Inbound SMS Messaging Not Being Delivered
Incident Report for TSG Global
Postmortem

We apologize for the issues you may have encounter with inbound SMS delivery yesterday morning. Please find the RFO/postmortem below, and if you have any additional questions, please email us at: support@tsgglobal.com

SMS Inbound Partial Outage

Overview

In the early AM, inbound SMS traffic to customers was reduced due to a message queuing system configuration error. Once the issue was identified around 9:45 AM PST, it was resolved by deleting and recreating the queues by 11:05 AM PST.

What Happened

Due to a known bug in the previous version of our message queuing engine, we had to perform an emergency update early in the AM to avoid a potential full disk issue (which we were alerted to over the weekend). In short, some queue snapshot cleanups did not complete correctly, which was causing disk usage to rapidly increase. The version update was performed according to the official manual, and was supposed to cause ZERO impact or downtime due to built-in redundancy. After the update was performed, one “corrupt” queue had to be recreated to force the deletion of old snapshots and restore disk space. Once the queue was recreated, everything seamed normal and traffic was flowing, and no alarms were triggered.

Were notified later in the morning by some TSG Global clients that some (but not all) inbound messages are being delayed, not received at all, or were unaffected. The TSG Global Response Team hopped on a call within 5 minutes of the first report, and began to diagnose the partial outage issue.

Resolution

The TSG Global team investigated both our aggregator partners systems (who also had an unplanned extended maintenance window) as well as our internal systems.
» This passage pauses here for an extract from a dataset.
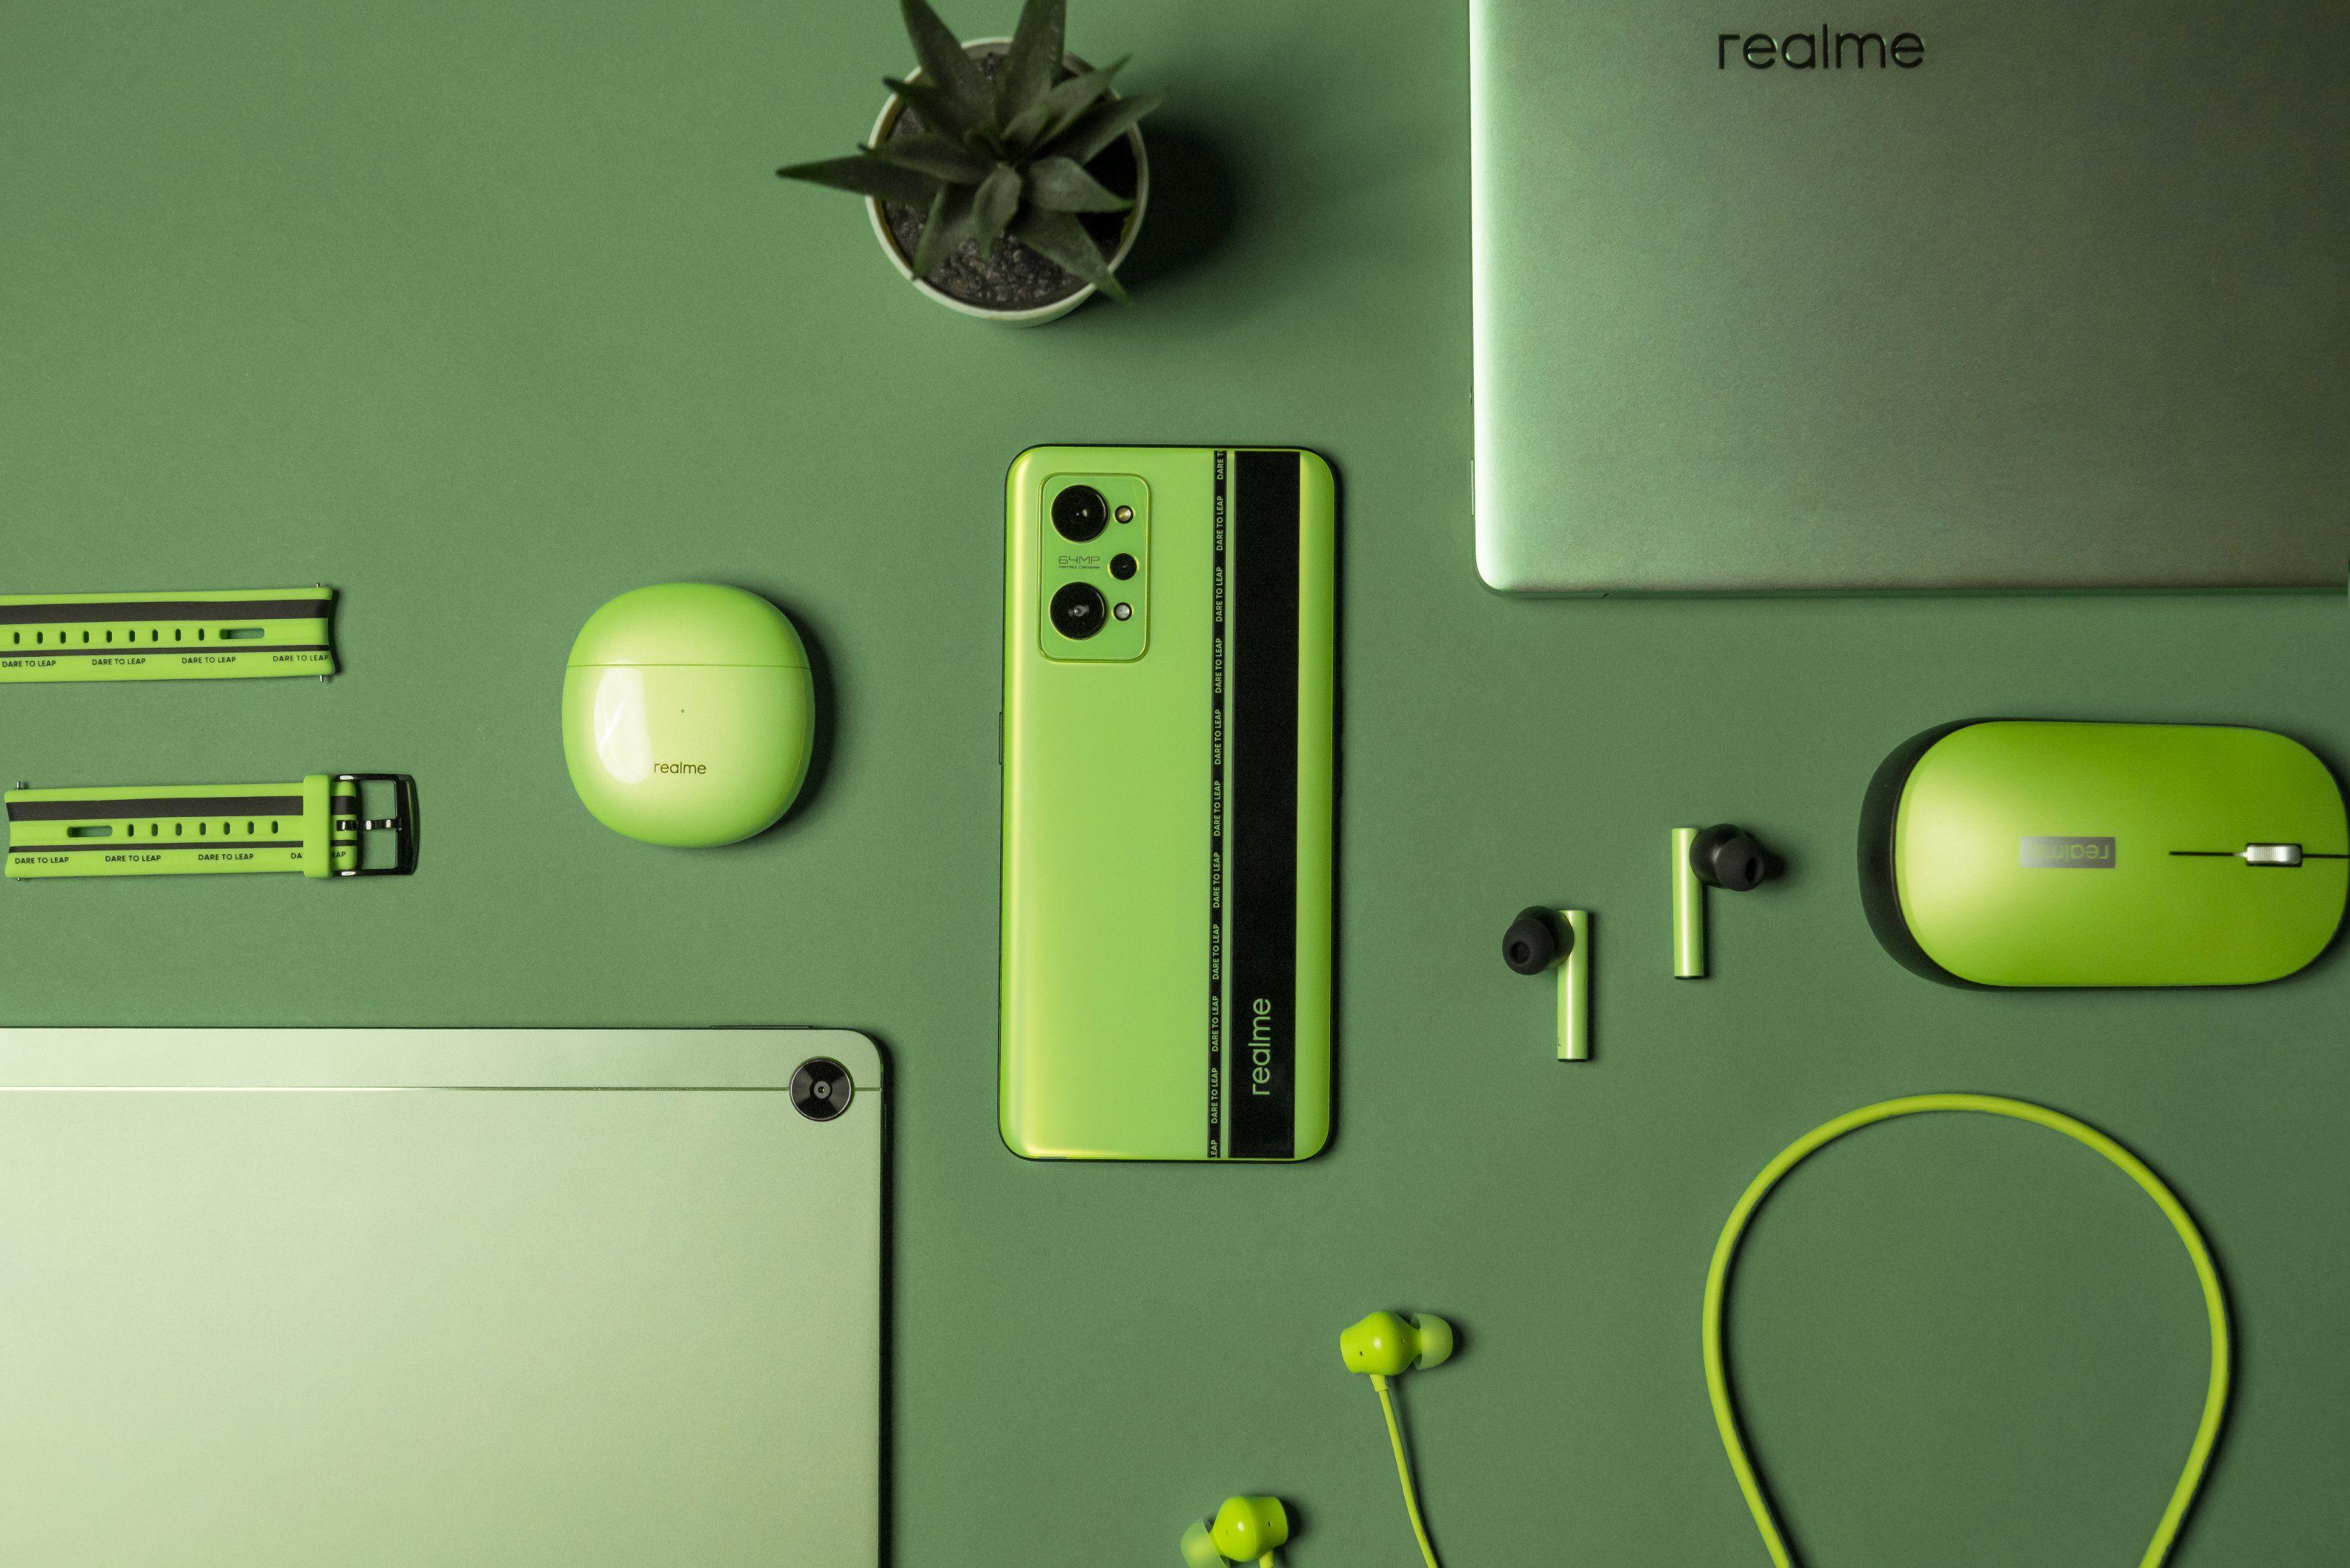 Realme Pad、Realme Book Green Color 选项即将推出:这是您需要知道的

After some diagnosis, we determined that it was our message queuing system that was dropping/misrouting messages. To fix the issue, we reset the entire configuration by deleting and recreating the routing rules for our queues, which restored expected functionality and normal traffic resumed as expected.

Root Causes

There are two possible root causes:

  1. deleting the “corrupt” queue which is part of a "queues cluster" caused routing issues
  2. the queuing engine version upgrade itself had undocumented issues

We are leaning towards the first root cause as the culprit due to the behaviors exhibited. There is no related documentation about this issue in the upgrade documentation, and it never happened when we performed upgrades in the past, nor did it affect other queues with similar or same configurations.

Impact

Some customers experienced delayed inbound deliveries or no inbound delivery at all for some part of their traffic.

What Went Well

  • Quick Response: the Team responded promptly upon reporting from customers, confirmed that more DLRs being routed to customers than SMS messages, and we identified the queue causing the issue and recreated it to restore normal operation.

What Didn’t Go So Well

  • We had no specific alerts in place to notice this partial outage (e.g. that only some vs. all queues were not receiving traffic, or that some unroutable errors were being received, or that our overall outbound traffic processing had deviated by a large percentage vs. a typical weekday morning).

Action Items For Our Team

  • PagerDuty alerts should be raised when a significant amount of messages are not being routed properly, or some thresholds of normal business operations are not being met unexpectedly.
  • When using consistent hash exchange routing, we should investigate/build a “dead letter queue” to route all messages not able to route to our round-robin queues (it can be any of the existing queues - probably the one with lowest index). Will add to our roadmap.
Posted Aug 22, 2023 - 13:37 EDT

Resolved
This incident has been resolved.
Posted Aug 21, 2023 - 16:34 EDT
Monitoring
The root cause has been identified, and working with our peering partner, a fix has been implemented. Some messages may not have been corrupted and not delivered to your endpoint. An official post-mortem will be available by COB Tuesday, 08/22/2023. We will continue to monitor to ensure message delivery continues as expected.
Posted Aug 21, 2023 - 14:22 EDT
Update
We are continuing to investigate this issue.
Posted Aug 21, 2023 - 13:30 EDT
Update
We are continuing to investigate this issue.
Posted Aug 21, 2023 - 13:29 EDT
Investigating
We are currently investigating an issue with inbound messages not being delivered. We will update once we have more information.
Posted Aug 21, 2023 - 13:15 EDT
This incident affected: Messaging Services (SMPP, Local Inbound/Outbound SMS, Toll-Free Inbound/Outbound SMS).